In comparison, an exemplary search-based single mode acoustic
approach can be conveniently deployed to both desktop and web
services. Especially for desktop based applications, an exemplary
approach can be naturally integrated into a desktop search
component, to facilitate search, browsing, and discovery of local
personal music resource. Furthermore, if metadata and user
listening preferences are available, a multi-modal approach can be
taken that improves local acoustic based search results, for
example, with CF-based and meta-based information retrieved from
the Web. Hence, an exemplary system may be multi-modal and rely on
more than acoustic information.
FIG. 5 shows an exemplary multi-modal method 510 that includes
various steps of the method 210 of FIG. 2. For example, the method
510 includes a selection block 514 for selecting a seed song, a
query formation block 518 for forming a query or queries and a
results block 522 for retrieving results based on a query (see,
e.g., blocks 214, 218 and 222 of FIG. 2). However, in the example
of FIG. 5, one or more additional blocks allow for multi-modal
query formation (shown by dashed lines) and/or multi-modal search
results (shown by dotted lines). For example, another selection
block 515 may allow a user to select additional information for use
in query formation and/or retrieval of search results. Such
additional information may act to filter results, enhance an
acoustic-based search, etc. A metadata block 516 may access
metadata about the seed song, for example, via the Internet or
other datastore. In turn, such metadata may be used in query
formation and/or results retrieval. Another block 517, can
introduce information about user history for a particular user or a
group of users. For example, a group called "friends" may be relied
on to gain information about what friends have been listening to.
Alternatively, the history block 517 may track history of a single
user of a device (e.g., a portable device, a PC, etc.) and use this
information (e.g., user preferences) to enhance performance.
Described herein are various exemplary search-based techniques for
scalable music recommendation. In various examples, through
acoustic analysis, music pieces are first transformed to sequences
of music signatures. Based on such analysis and transformation, an
LSH-based scale-sensitive technique can index the music pieces for
an effective similarity search.
According to a given data scale, an exemplary method can
numerically estimate the appropriate parameters to index various
scales of music collections, and thus guarantees that an optimum
number of nearest neighbors can be returned in search.

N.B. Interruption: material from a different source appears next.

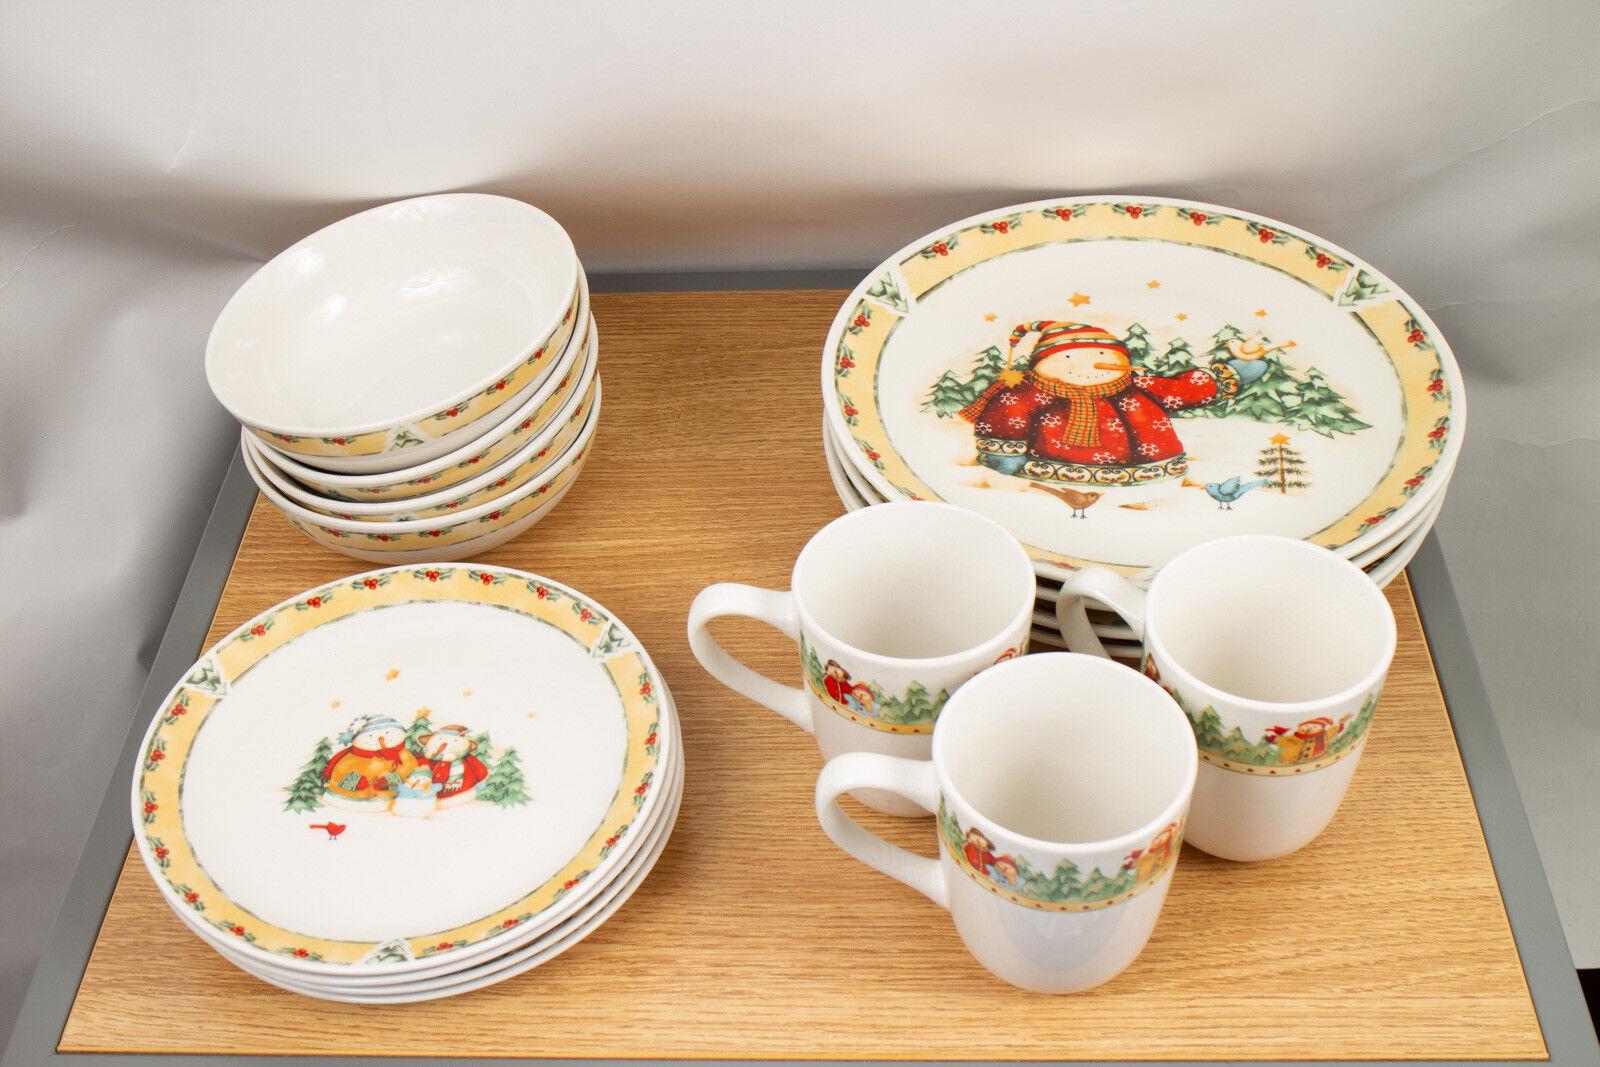 Target Home Brand Stoneware Christmas Dish Set - Snowman Frolic 15 Piece Set

In an exemplary recommendation stage, representative signatures
from snippets of a seed piece can be first selected as query terms
to retrieve pieces with similar melodies from an indexed dataset.

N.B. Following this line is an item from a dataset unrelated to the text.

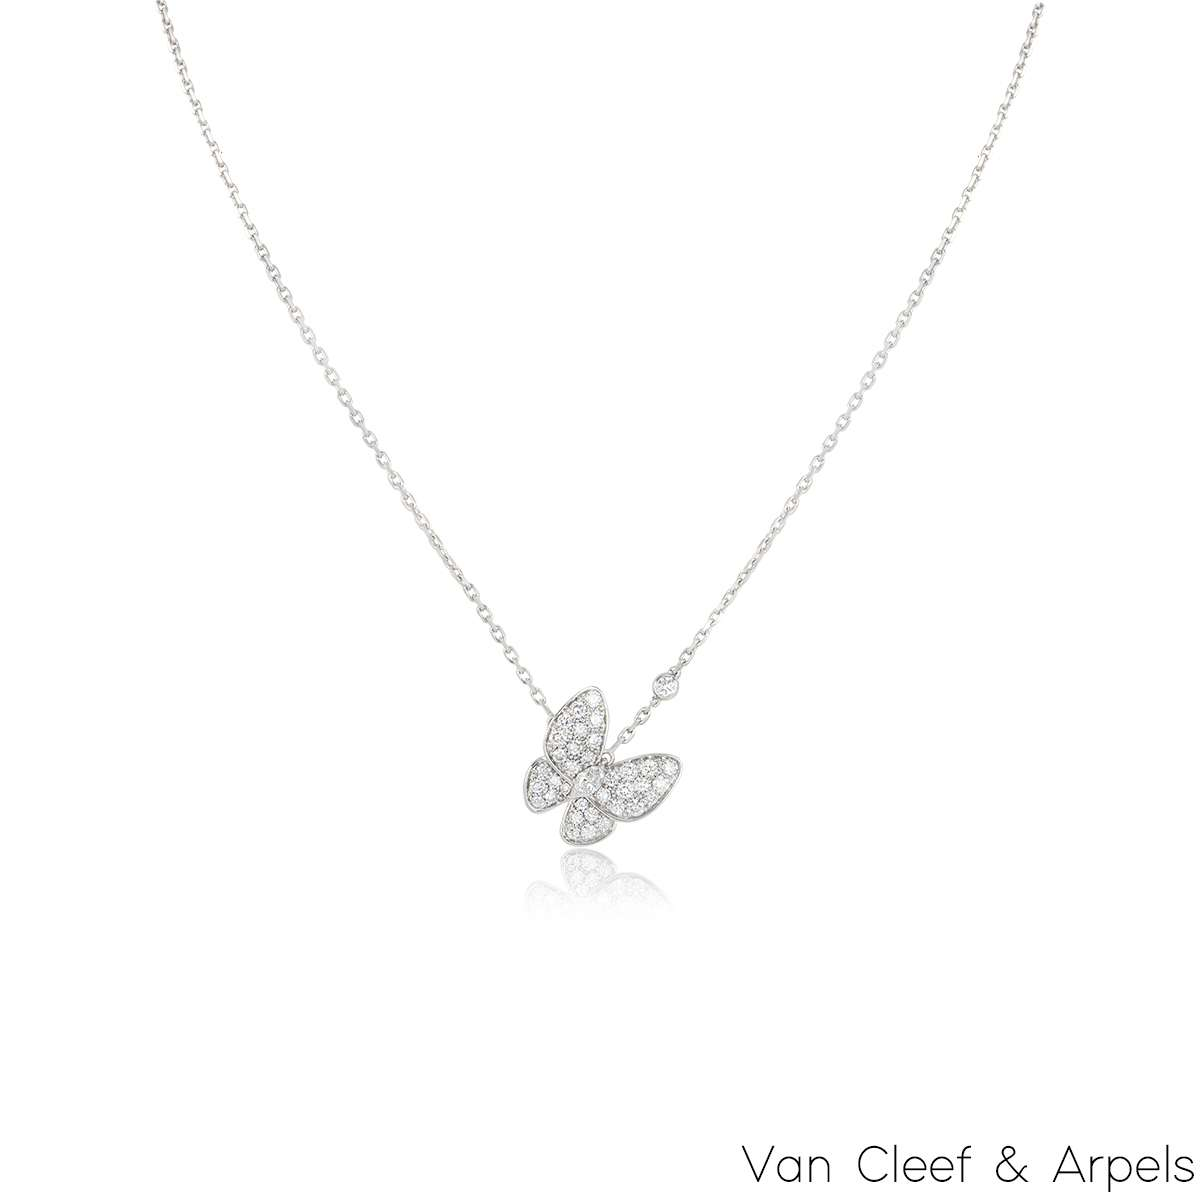 Van Cleef & Arpels Diamond Fauna Pendant VCARO3M400

Then, a relevance function can be used to sort the search results
by considering criteria like matching ratio, temporal order, term
weight, and matching confidence.
An exemplary scheme can generate dynamic playlists using search
results.
Trial evaluations for an exemplary system demonstrate performance
aspects related to system efficiency, content consistency, and
subjective satisfaction for various music collections (e.g., from
around 1,000 music pieces to more than 100,000 music pieces).
An exemplary approach optionally, besides using relevance (dynamic)
ranking, can implement static ranks such as sound quality. An
exemplary approach optionally integrates music popularity
information to improve suggestions. Moreover, a system may evaluate
more sophisticated acoustic features to discover one or more
features that improve or facilitate music recommendation.
An exemplary system may include user preferences, for example,
modeled by tracking operational behavior and listening
histories.
As described herein, an exemplary method may be implemented in the
form of processor or computer executable instructions. For example,
portable music playing devices include instructions and associated
circuitry to play music stored as digital files (e.g., in a digital
format). Such devices may include public and/or proprietary
instructions or circuits to decode information, manage digital
rights, etc. With respect to instructions germane to scalable music
search, FIG. 6 shows various exemplary modules 600 that include
such instructions. One or more of the modules 600 may be used in a
single device or in multiple devices to form a system. Some
examples are shown as a portable device 630, a personal computer
640, a server with a datastore 650 and a networked system 660
(e.g., where the network may be an intranet or the Internet).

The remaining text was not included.